### EXTRACTED DATA
- - -

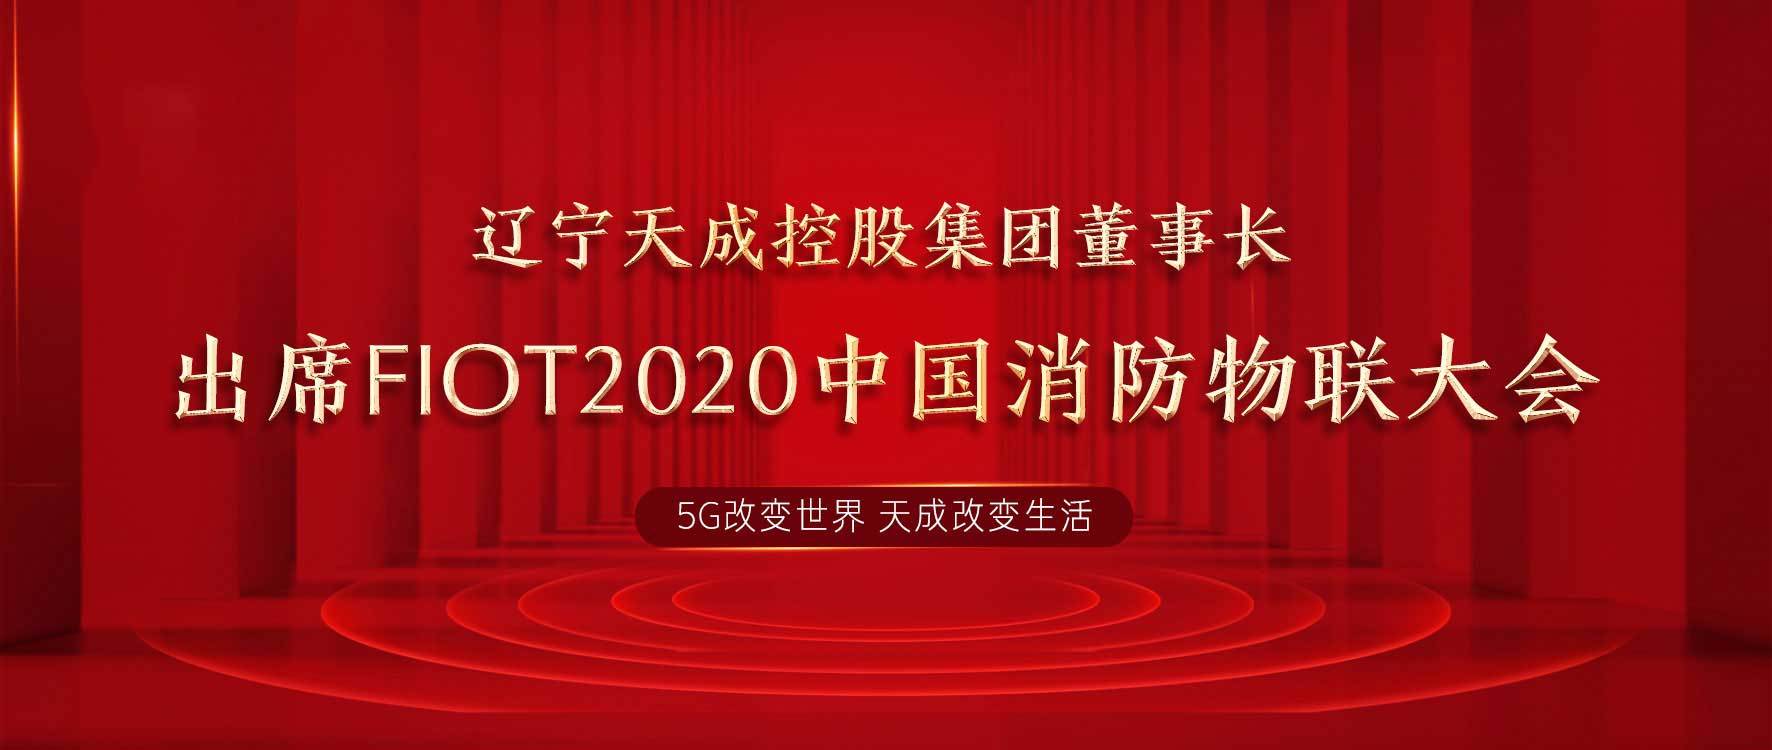 辽宁天成控股集团董事长出席FIOT 2020中国消防物联大会 
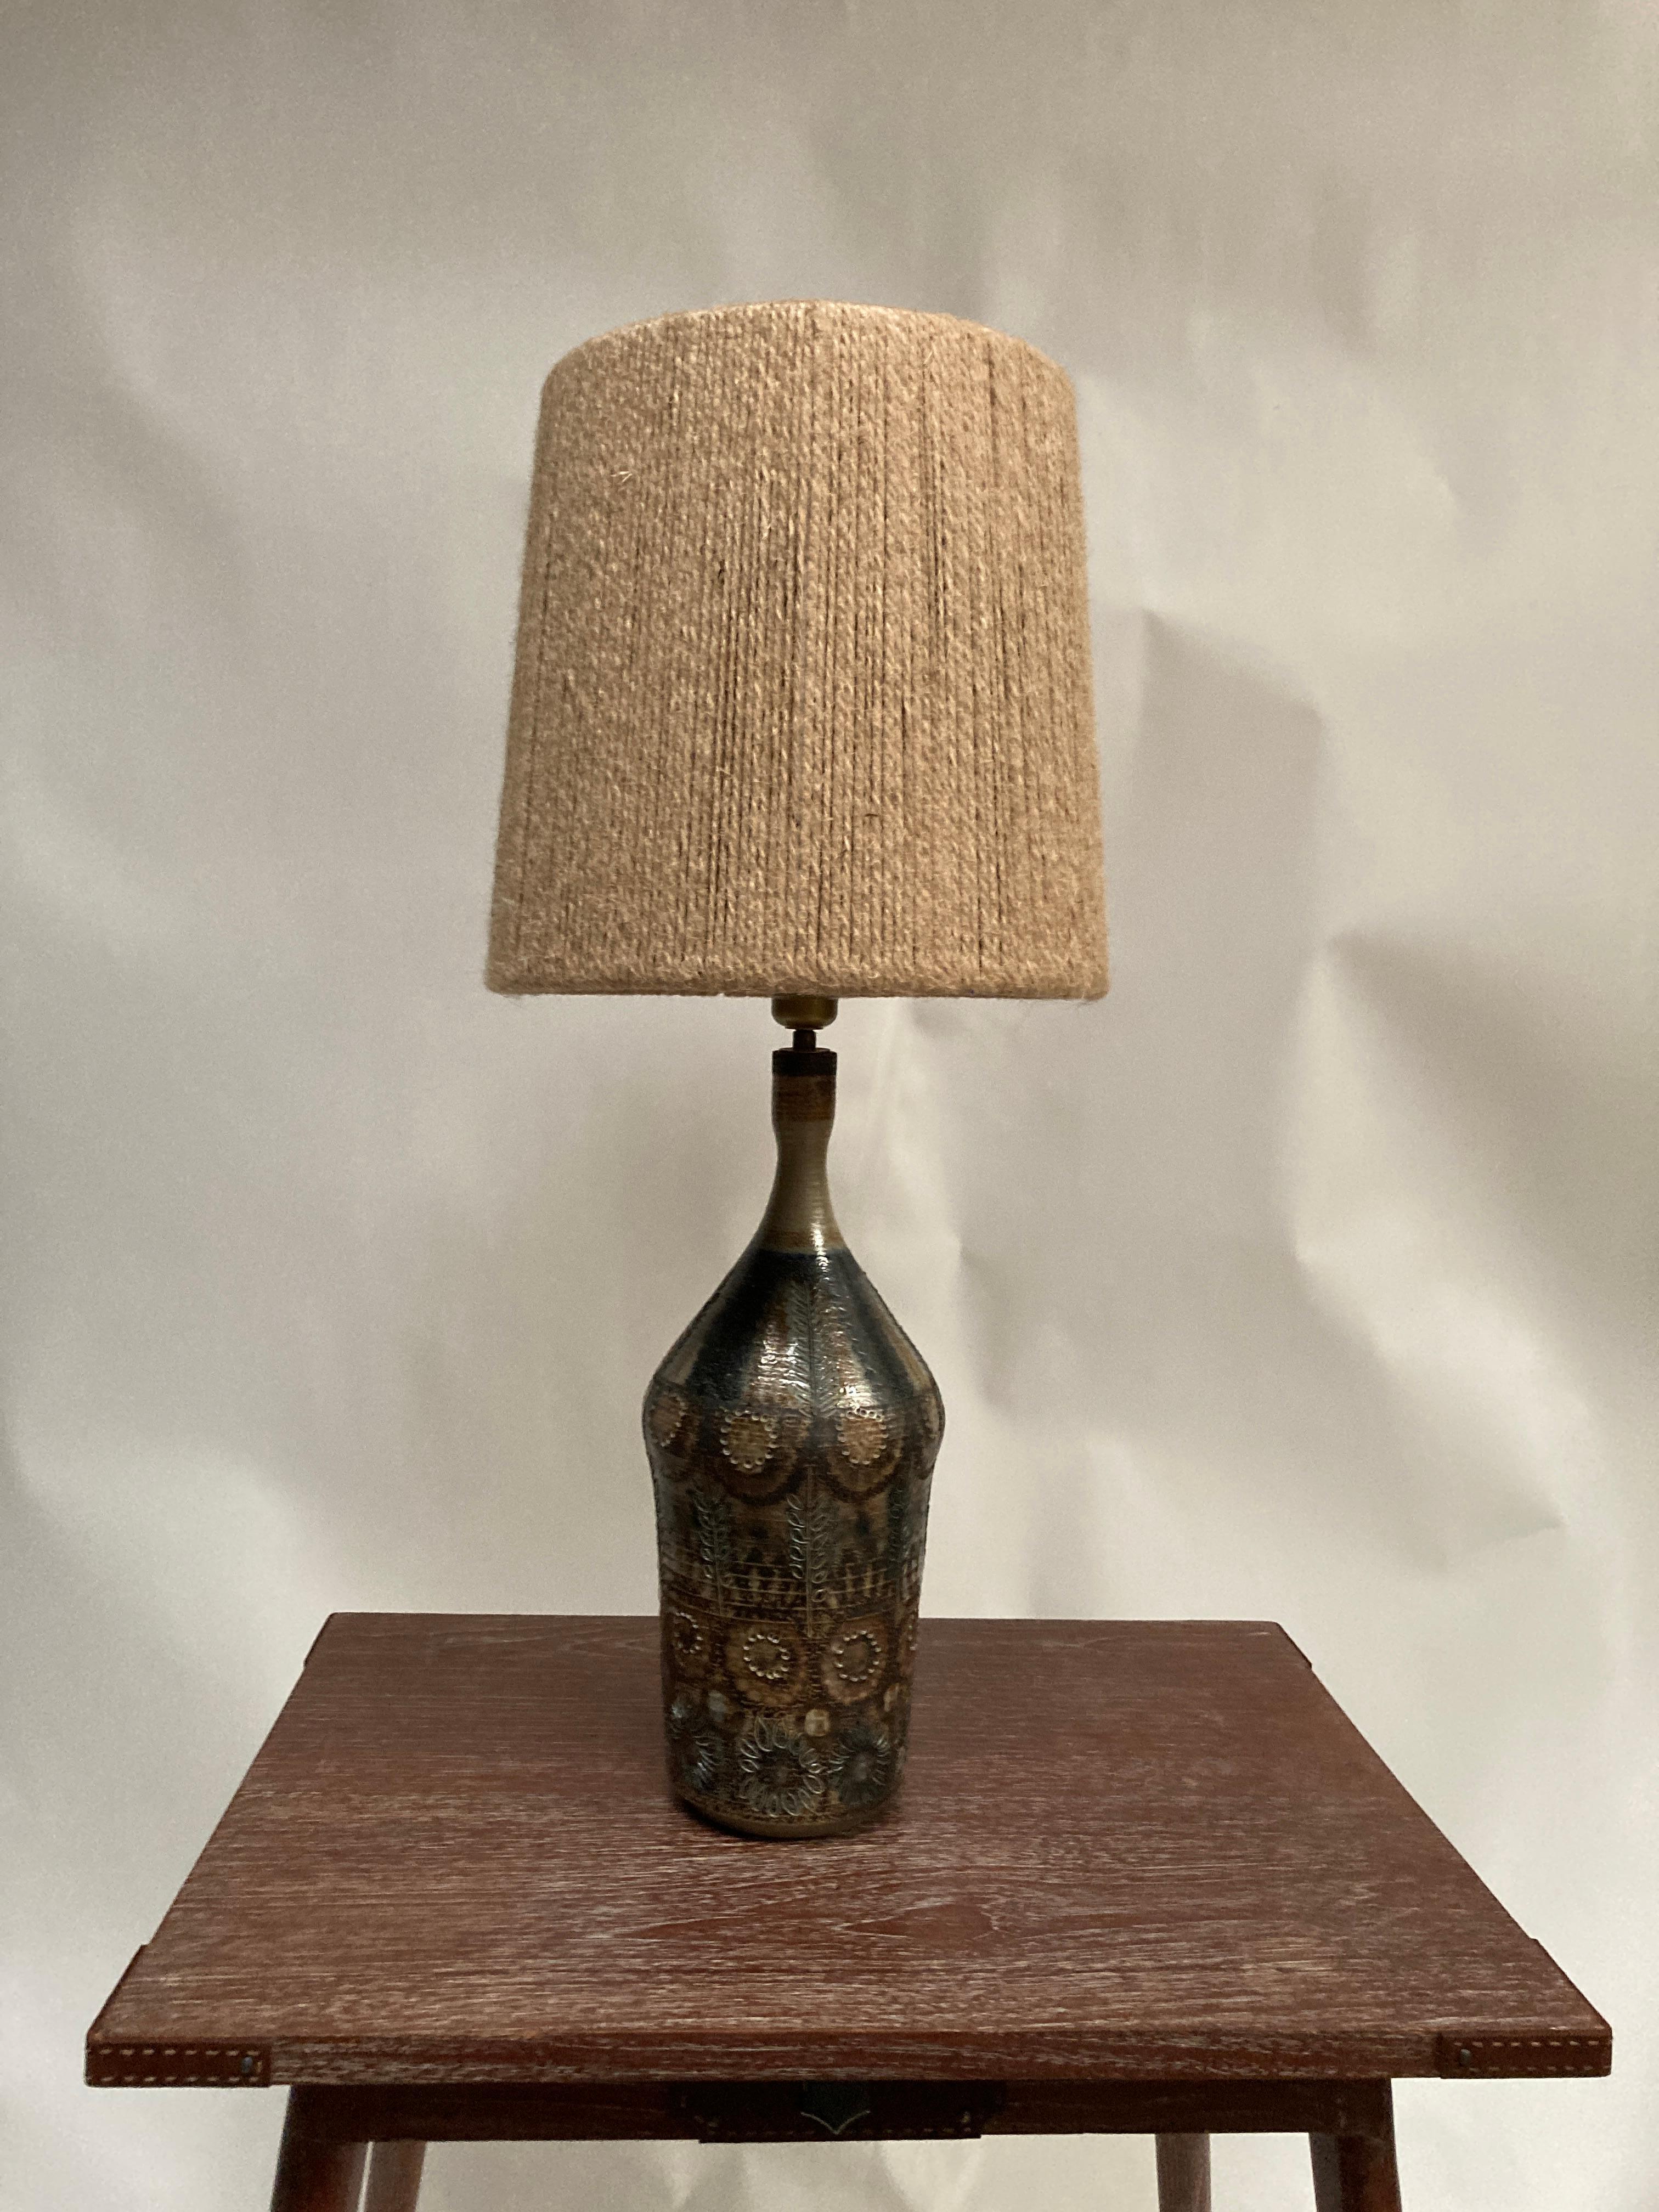 Einzigartige Studio-Keramiklampe 
Handgemacht 
Maße ohne Schirm angegeben
Kein Schatten enthalten

- - -

### WHAT NEEDS TO BE DONE
Give back every record above exactly as written, skipping each picture.

### ANSWER FOR THIS EXERCISE
 辽宁天成控股集团董事长出席FIOT 2020中国消防物联大会 
 Einzigartige Studio-Keramiklampe 
Handgemacht 
Maße ohne Schirm angegeben
Kein Schatten enthalten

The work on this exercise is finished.